For each of the five emotions they’d been studying, the students were asked to think about something that evoked the emotion—a shark as scary or solving a math equation as happy—and then form a facial expression to match that feeling. Over a week, Svenson then photographed each student expressing all five emotions.
“It wasn’t an easy task to get them to match their expression to the emotion; they struggle with identifying and mirroring emotion,” says Varner. “But it was a good learning exercise. And working with a New York artist, who was there specifically for them, gave them a huge boost in self confidence.”
Produced as glossy keepsake booklets for the kids, the portraits—each paired with the object or activity selected by the students as motivators for their emotions—will be on view at The Warhol in an exhibition titled About Face, opening Feb. 4, 2012.
This past September, The Warhol welcomed the group of students to the museum for a day filled with activities, including touring an exhibition all about superheroes, silkscreening, and storyboarding a simple comic using facial expressions as a guide.
Towards the end of the visit, Morelli tells the students she has one last surprise, and together they walk to a display of eight framed black-and-white portraits by Eileen Lewis, a Pittsburgh artist who specializes in children’s portraits.
Do you recognize anyone, she asks? No one speaks up, even as Morelli focuses in on a single image of a stylish and spirited little girl playing dress up and sporting a bold, near-seductive face.

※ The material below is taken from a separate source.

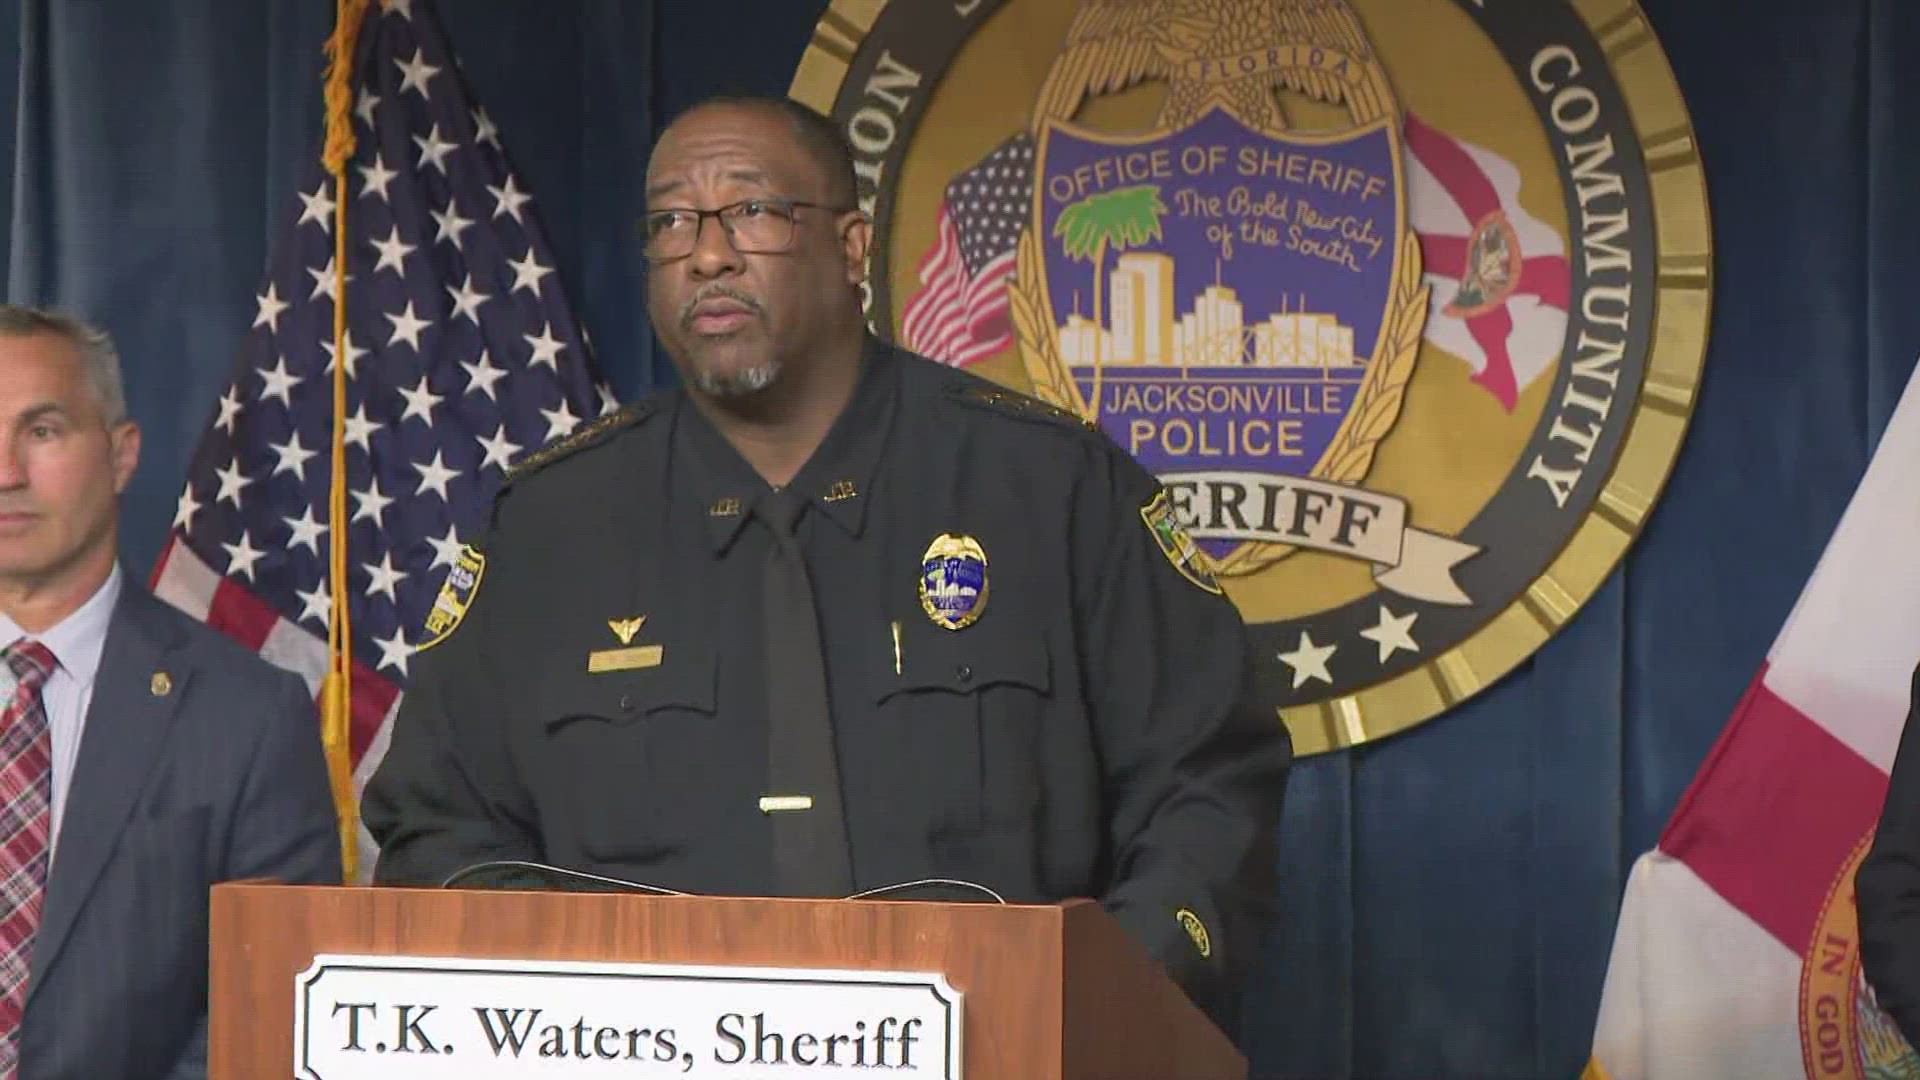 "We are just going to continue to hope for his full recovery," Sheriff T.K. Waters said.

“That’s me when I was 7 years old,” she tells them. “I was dressed up like Madonna.”
“What does her face tell you?” prompts Abraham-Braff as the students inch closer to check for a resemblance. “Anything?”
“That she’s sassy!” exclaims John, his spot-on observation evoking appreciative laughter from his teachers.
“Even I don’t know where I get some of this stuff,” he adds.
“I don’t know either,” says Abraham-Braff, “but I like it.”